The problem:
Print the listing exactly as it stands, and skip any pictures in it.

Data:
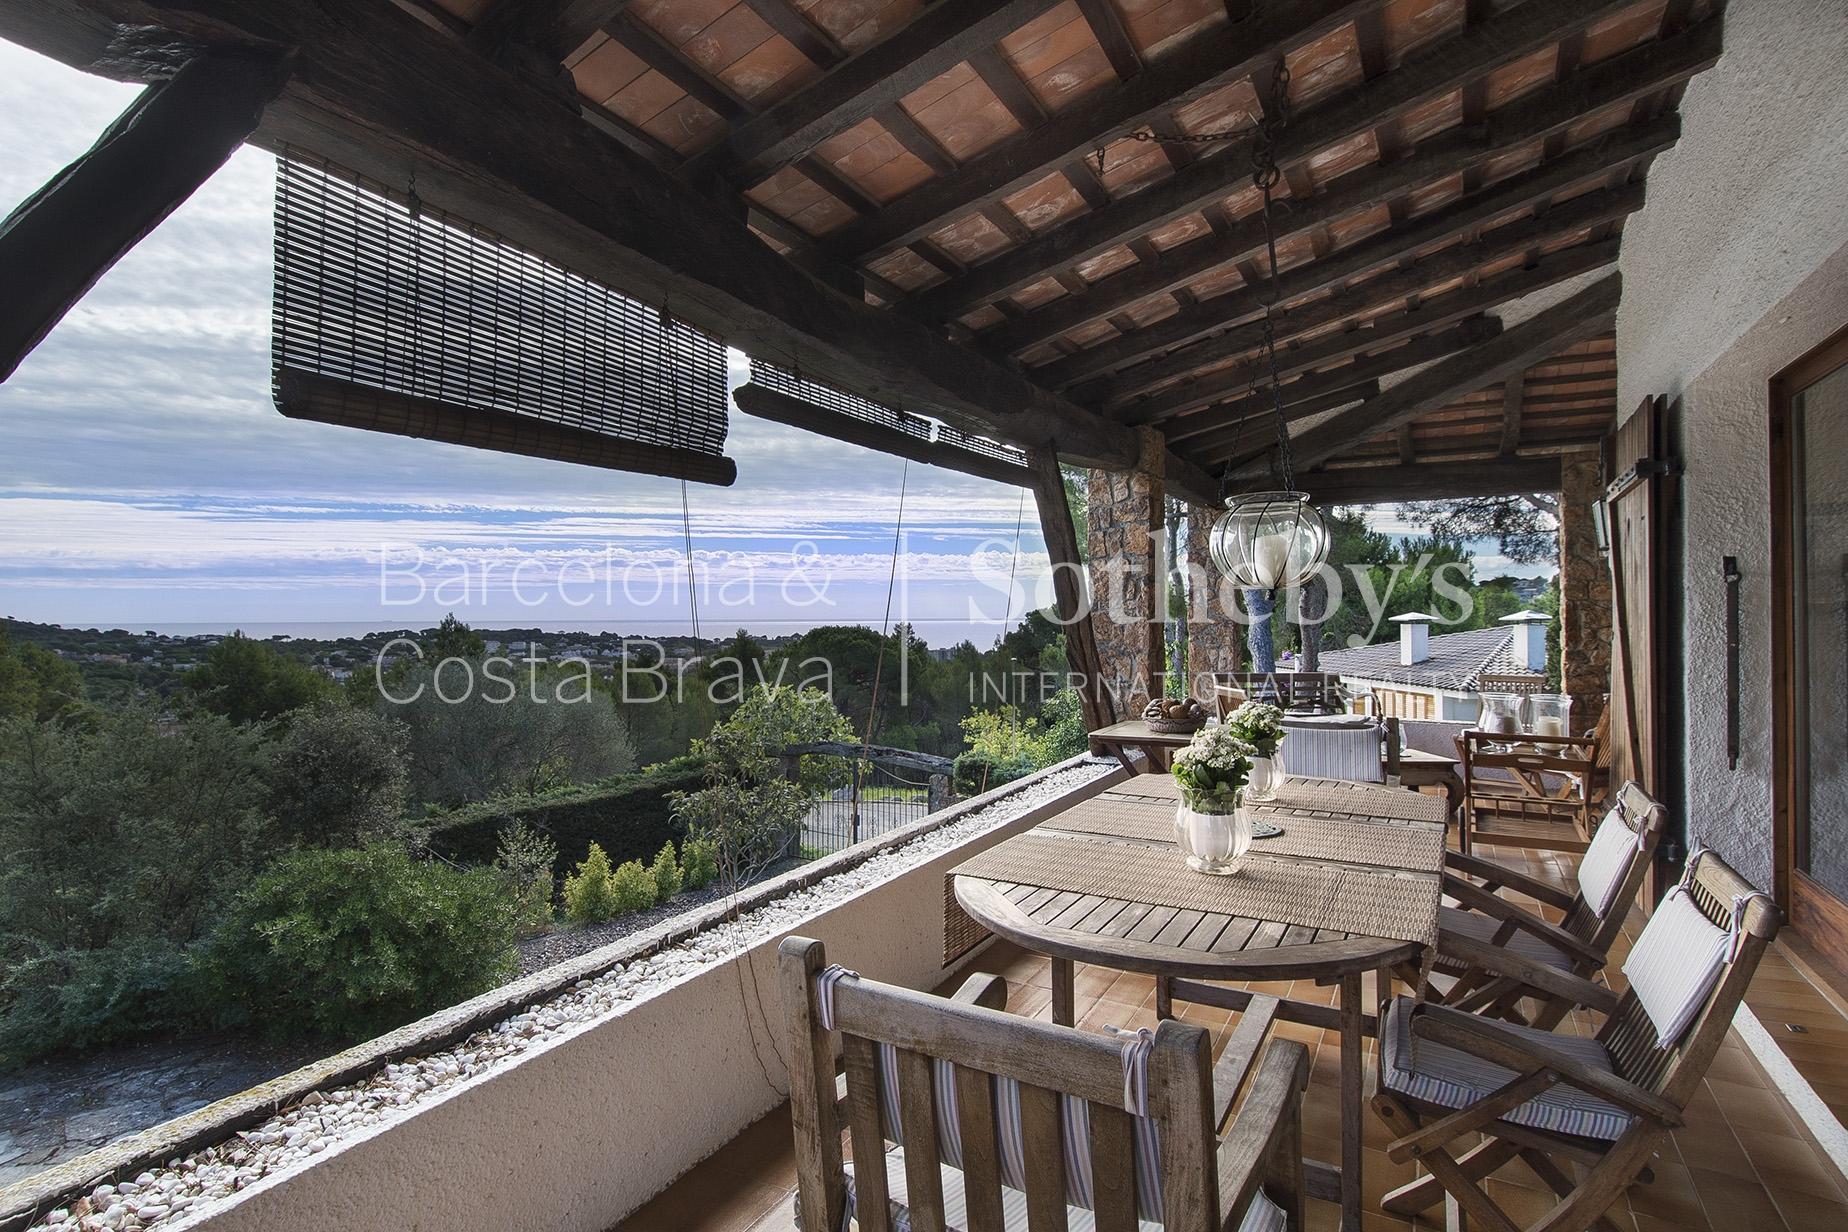 단독 가정 주택 용 매매 에 Lovely detached house with sea views S'Agaro, Costa Brava 17248 스페인
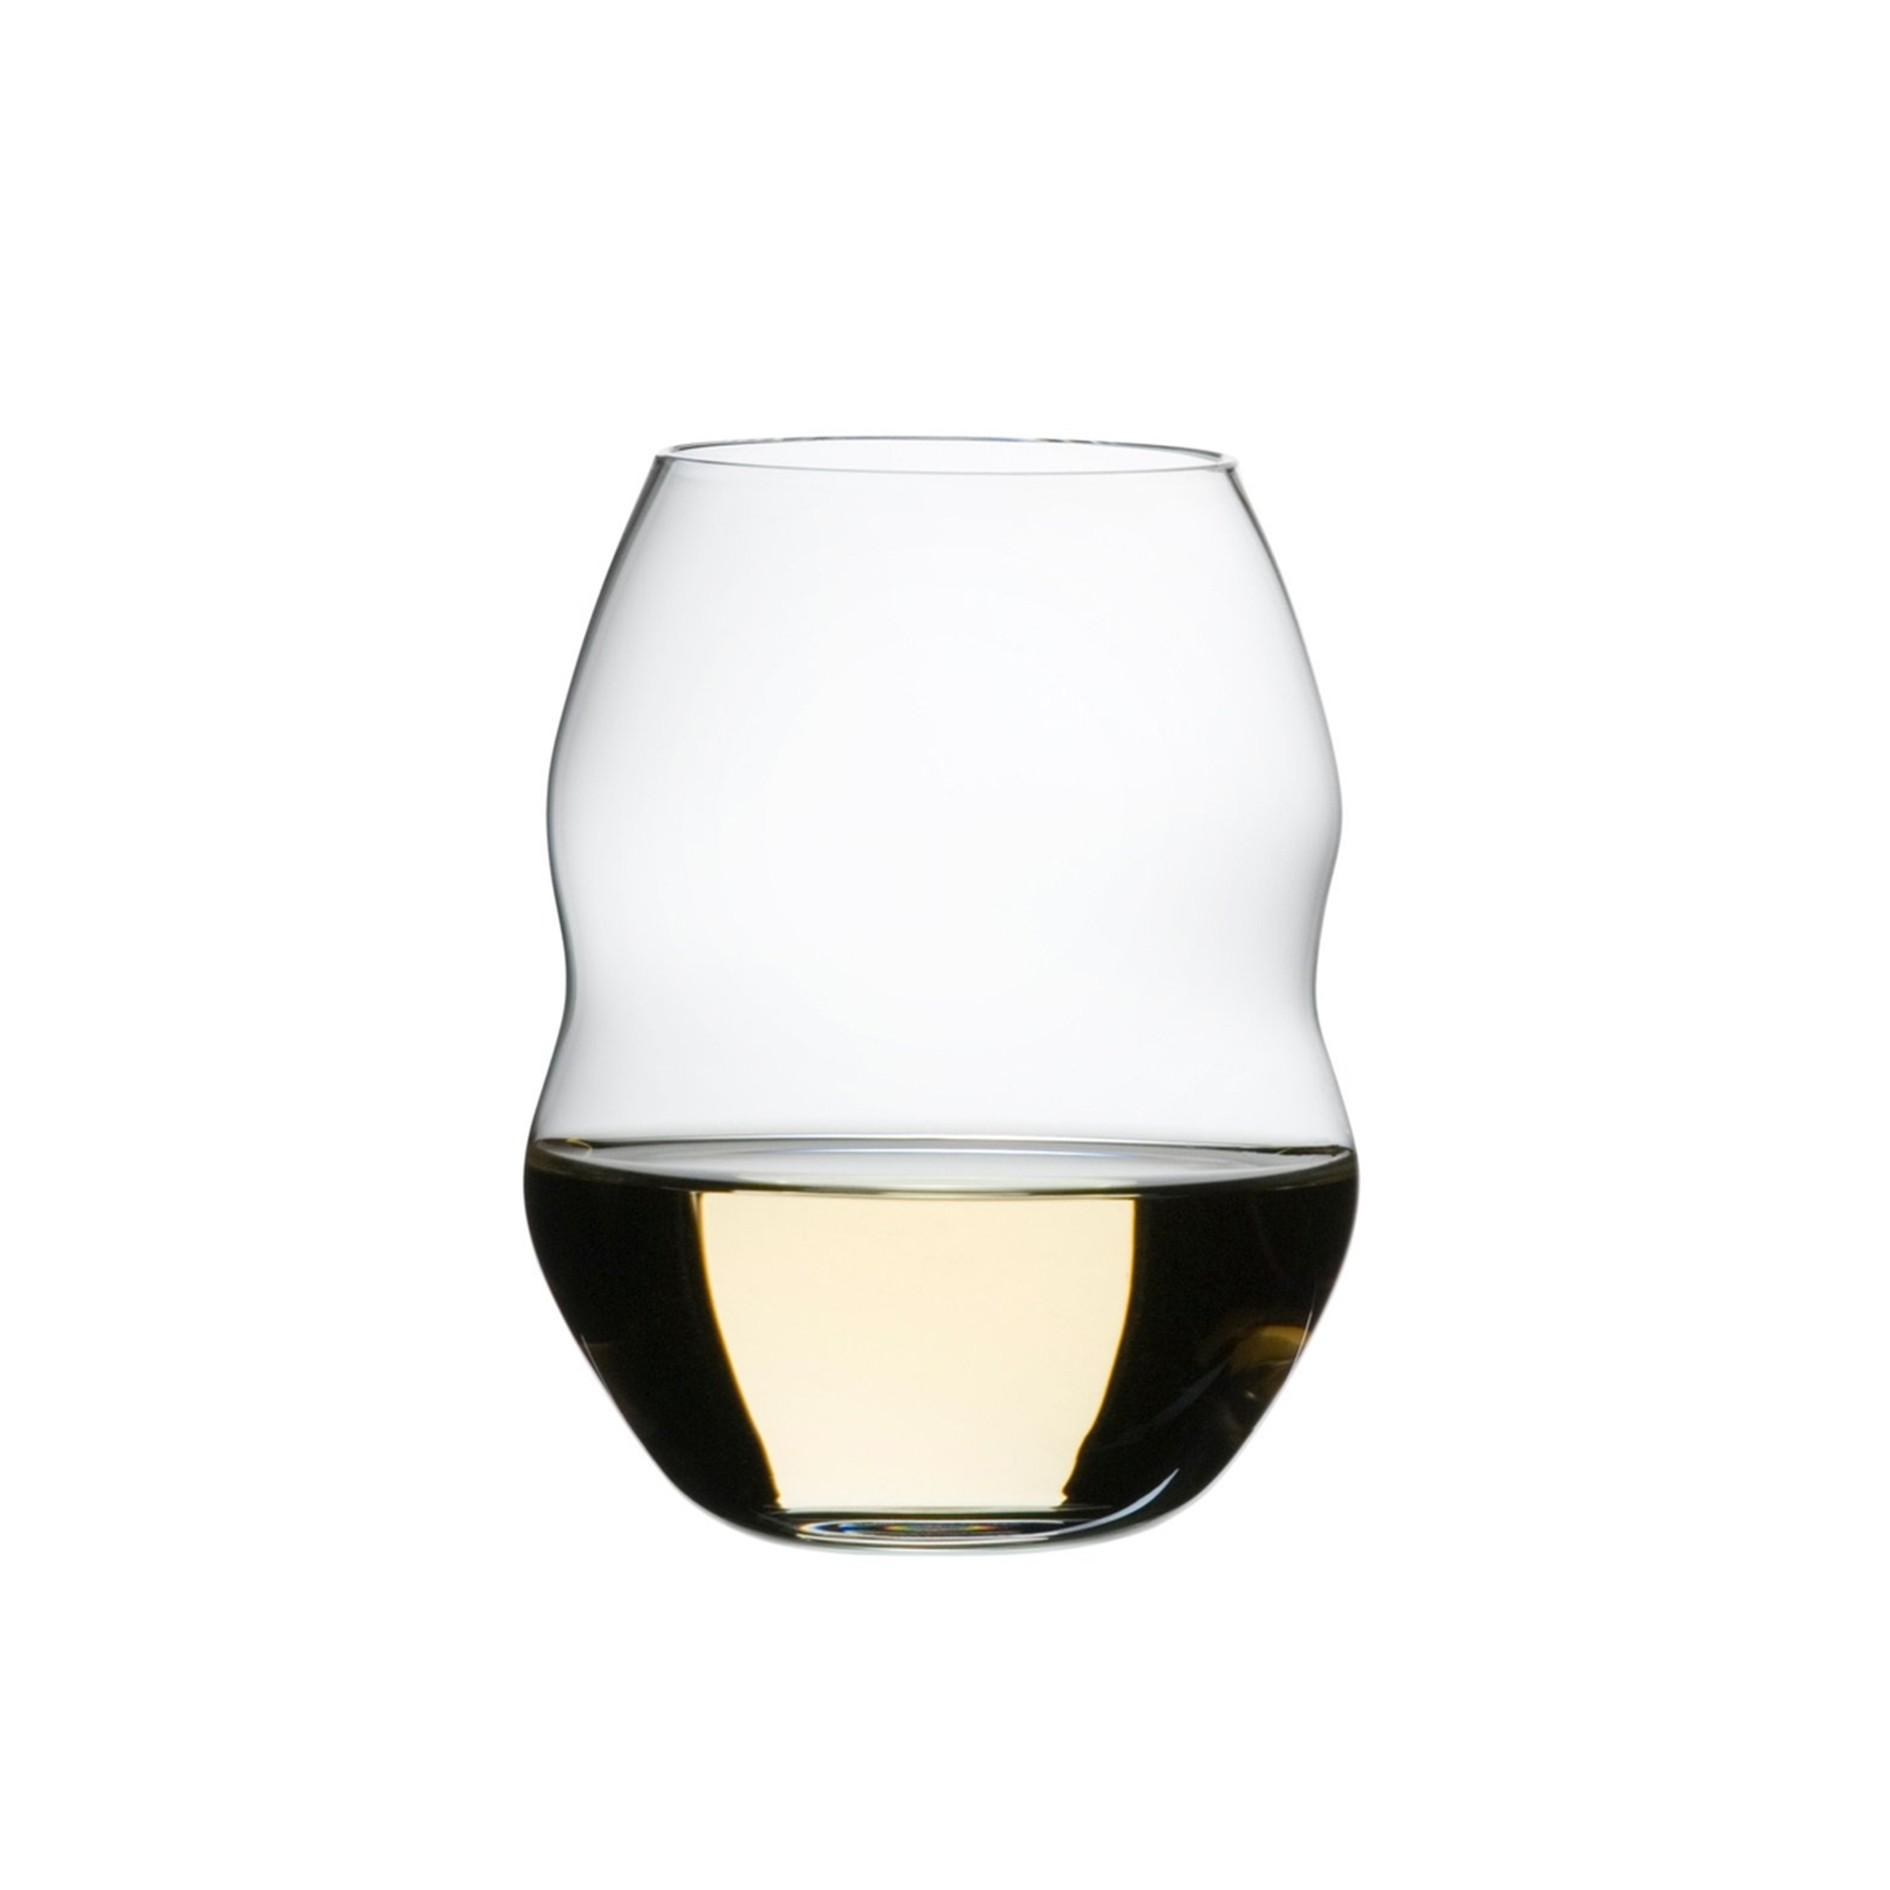 Vaso de Vino Swirl Blanco set de 12 SOLO DISPONIBLE EN CDMX
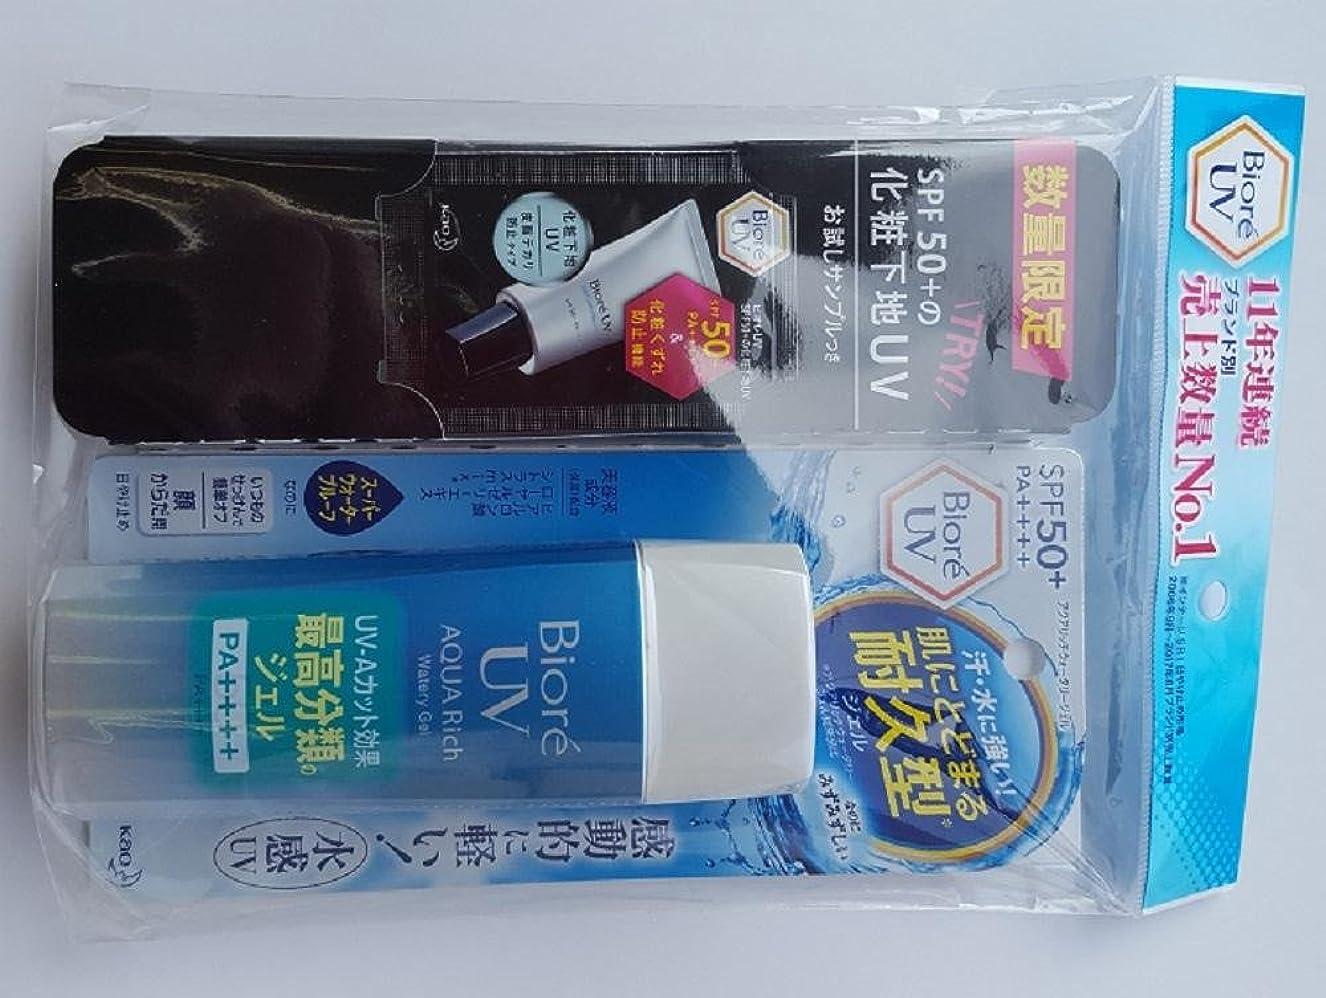 啓発する契約するゴミビオレ UV アクアリッチ ウォータリージェル SPF50+/PA++++ 90ml+ビオレ UV 化粧下地UV 皮脂テカリ防止(試供品)1回分付き

Task output:
 단독 가정 주택 용 매매 에 Lovely detached house with sea views S'Agaro, Costa Brava 17248 스페인
 Vaso de Vino Swirl Blanco set de 12 SOLO DISPONIBLE EN CDMX
 啓発する契約するゴミビオレ UV アクアリッチ ウォータリージェル SPF50+/PA++++ 90ml+ビオレ UV 化粧下地UV 皮脂テカリ防止(試供品)1回分付き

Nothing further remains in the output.